Summary: When ECS tasks register with an ALB target group, three independent health check layers decide whether to keep or kill them. The ECS health check grace period buys startup time, but only if the ALB health check interval, thresholds, and port are aligned. Misconfigure one layer and tasks enter a restart loop before they ever serve traffic.

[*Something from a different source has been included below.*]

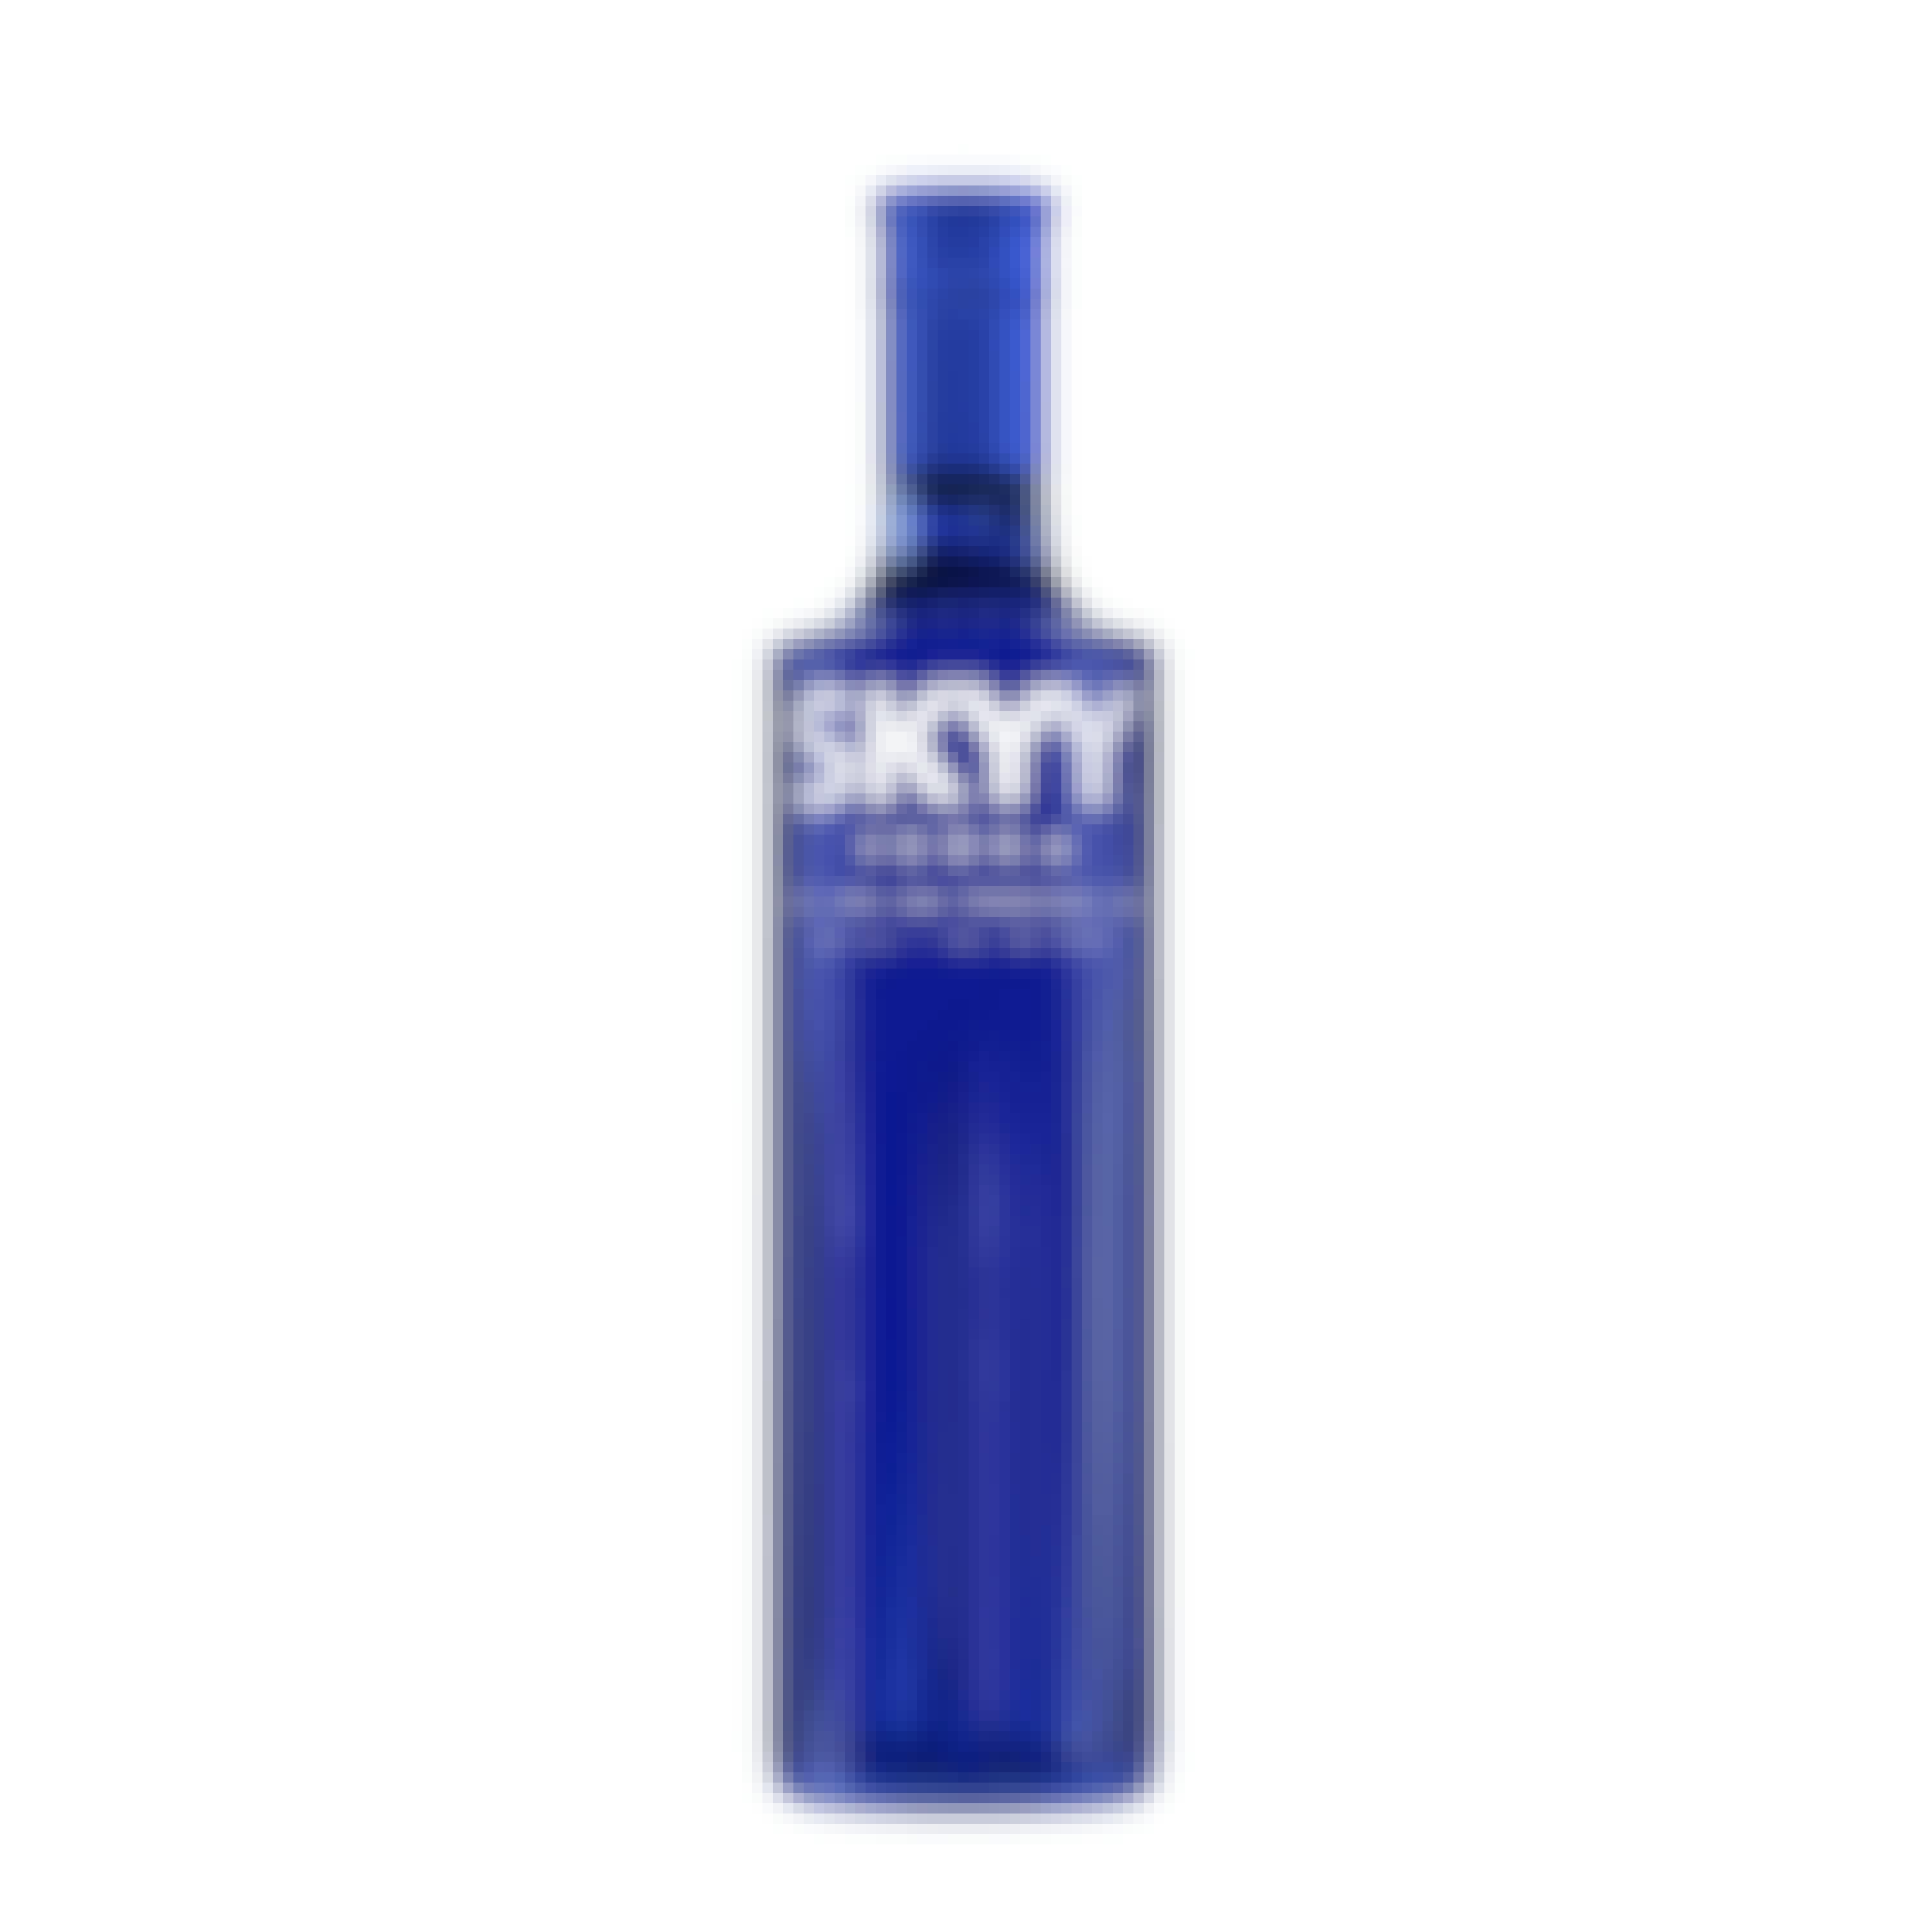 Skyy Vodka 1.75L

The Problem: Tasks Killed Before They Are Ready
You deploy a new ECS service behind an Application Load Balancer. The container takes 30 seconds to boot, but within 20 seconds ECS has already marked the task unhealthy and started a replacement. The replacement suffers the same fate. Your service oscillates between RUNNING and DRAINING, never reaching steady state.
This happens because three health check mechanisms fire independently, and ECS acts on the first failure it sees:
- ALB target group health check — the load balancer probes each registered target at a configurable interval.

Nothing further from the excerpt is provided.